As a note, the timestamp you receive from the Box API is based on the settings in the Admin console. If you are a part of an enterprise, it will be the default user settings set by your admin.

gzip

If you would like responses from Box to be compressed for faster response times, simply include an Accept-Encoding header with a value of gzip, deflate, and responses will be gzipped.

Getting Help

If you have any questions or feedback, please post on the Box developer forum.

Suggest Edits

Suppressing Notifications

 

If you are making administrative API calls (that is, your application has “Manage an Enterprise” scope, and the user signing in is a co-admin with the correct "Edit settings for your company" permission) then you can suppress both email and webhook notifications by including a Box-Notifications header with the value off. This can be used, for example, for a virus-scanning tool to download copies of everyone’s files in an enterprise, without every collaborator on the file getting an email saying “The Acme-Virus-scanner just downloaded your “Acme exploding tennis balls instructions”. All actions will still appear in users updates feed and the audit-logs.

Notification suppression is available to be turned on for approved applications only. Contact us to explain your application’s use of notification suppression.

Note

User creation, comment, collaboration creation, change user's login, and task assignment notifications cannot be suppressed using this header.

CORS, or cross-origin resource sharing, is a mechanism that allows a web page to make XMLHttpRequests to another domain (i.e. a domain different from the one it was loaded from). CORS is supported in a specific set of modern browsers. The Box API supports CORS on an app-by-app basis. You can add a comma separated list of origins that can make CORS requests to the API, through the developer console.
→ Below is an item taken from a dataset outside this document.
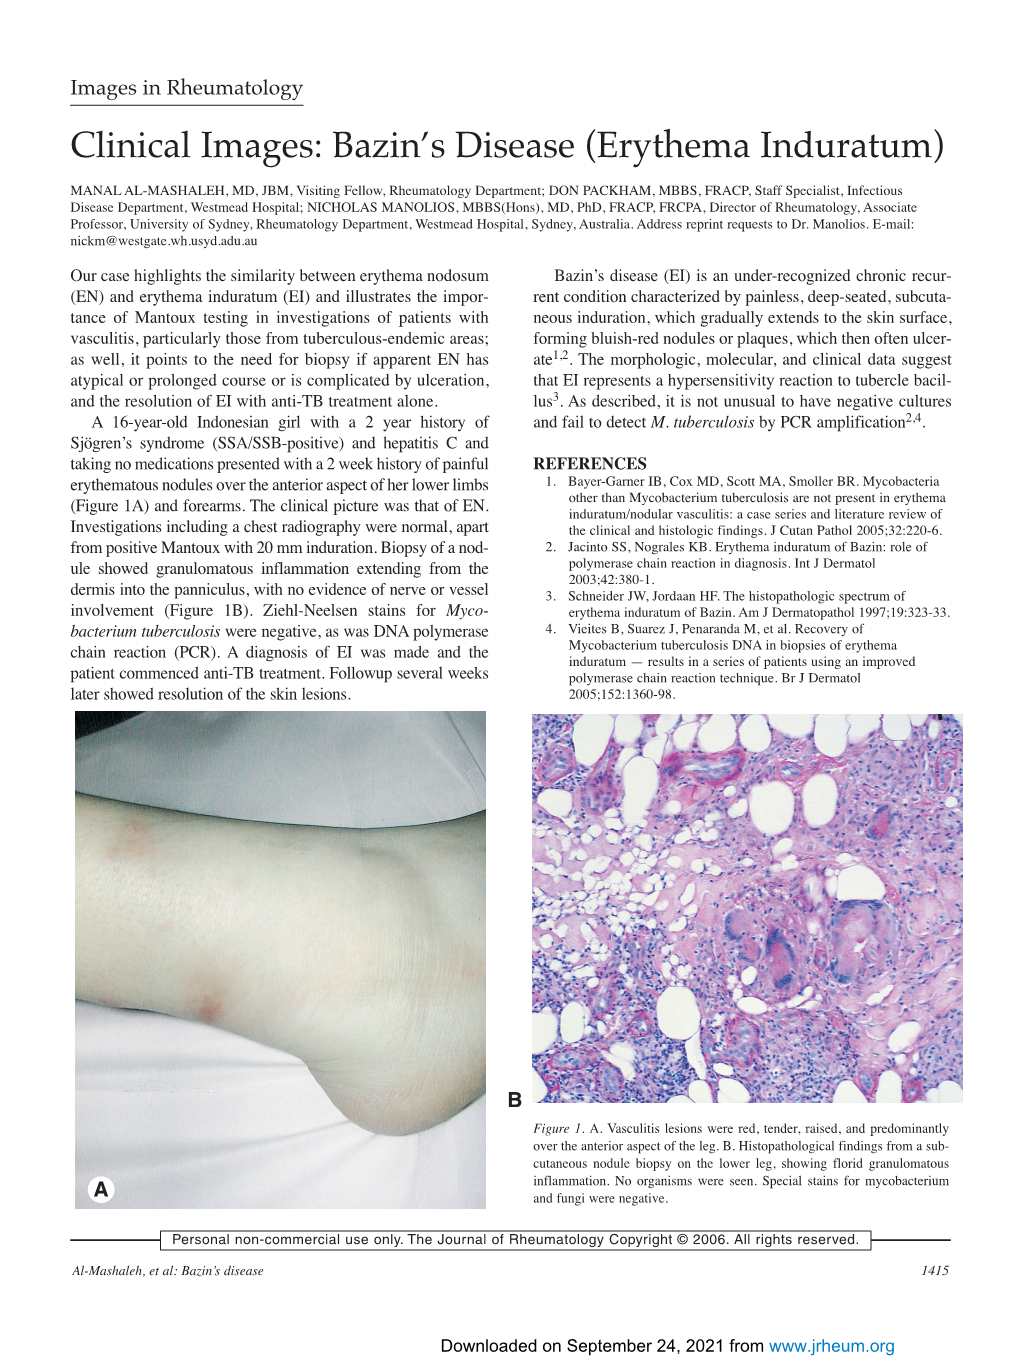 Bazin's Disease (Erythema Induratum)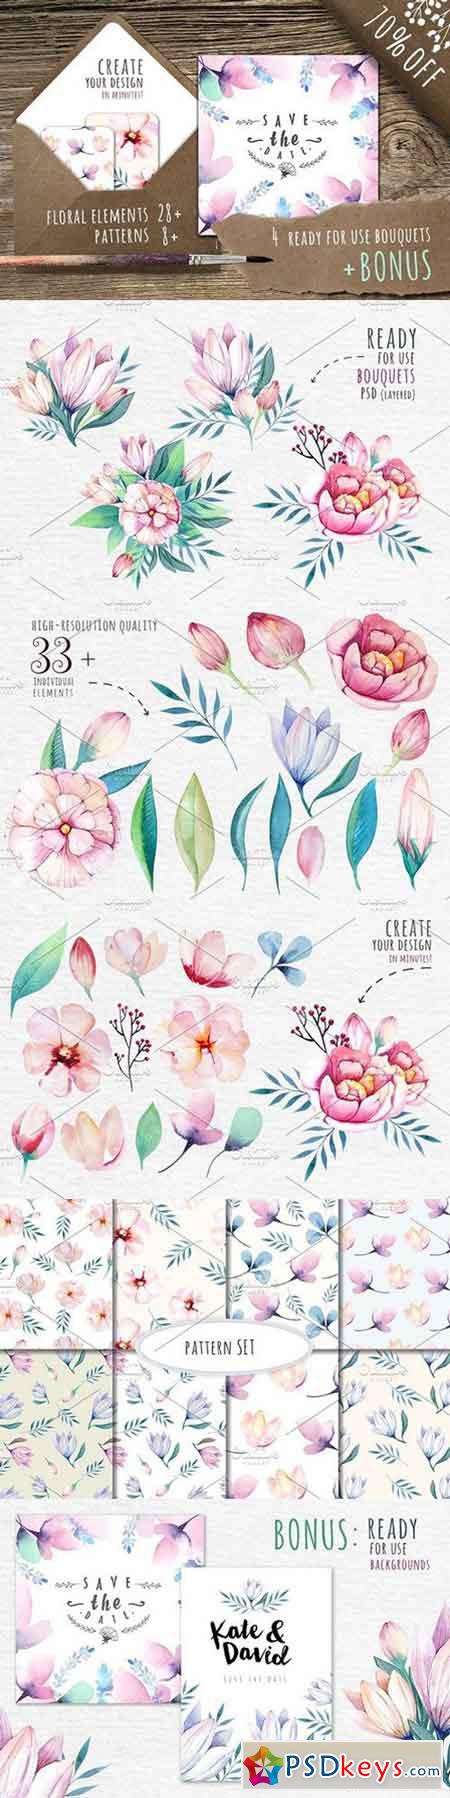 Watercolour floral DIY+Bonus 343520

A quick tutorial can be found here.

CORS-Like Errors

Some browsers will return a CORS-like error, even when CORS is enabled for your application. In these scenarios, an HTTP response code will often be included (e.g. 400 or 401) which will provide further direction where you may want to focus troubleshooting. No further CORS enablement is done in the Box backend.

Suggest Edits

Pagination

 

APIs that can return large numbers of objects return the results using a paging mechanism. Some APIs use offset-based paging and some use marker-based paging.

Offset-based Paging

APIs that use offset-based paging use the offset and limit query parameters. The API returns an object that contains the set of results in the entries array, as well as returning the offset, limit, and total_count fields.

To fetch the first set of entries, call the API with offset = 0 and limit = <your-limit>.

To fetch the next set of entries, call the API with offset = <previous-offset> + <previous-limit>. Note that you should increment the offset by the previous limit -- not by the size of the entries array (which may be less than limit). Use the value of limit that is returned in the response object rather than the value you passed in the query parameter.

If <previous-offset> + <previous-limit> >= total_count, then you have retrieved all of the entries and there are no more to fetch. The total number of entries in the entire collection may be less than total_count. Note that the total_count may change between API calls, so always use the most recent value.

Query Parameters:

offset

integer

The 0-based offset of the first entry to return. The default is 0.

limit

integer

The maximum number of entries to return. Each API has a default and maximum value. If the value exceeds the maximum, then the maximum value will be used and returned in the limit field in the response.

Response Object:

entries

array

The array of objects for the current set of results. It will be an empty array if there are no results.

offset

integer

The 0-based offset of the first entry in this set. This will be the same as the offset query parameter.

limit

integer

The limit that was used for these entries. This will be the same as the limit query parameter unless that value exceeded the maximum value allowed. The maximum value varies by API.

total_count

integer

One greater than the offset of the last entry in the entire collection. The total number of entries in the collection may be less than total_count.

Marker-based Paging

APIs that use marker-based paging use the marker and limit query parameters. The API returns an object that contains the set of results in the entries array, as well as returning the next_marker and limit fields.

To fetch the first set of entries, call the API with limit = <your-limit>.

To fetch the next set of entries, call the API with marker = <next_marker> and limit = <your-limit>.

If next_marker is empty, then you have retrieved all of the entries and there are no more to fetch. Note that you have reached the end if the next_marker is not present, equal to null, or equal to "".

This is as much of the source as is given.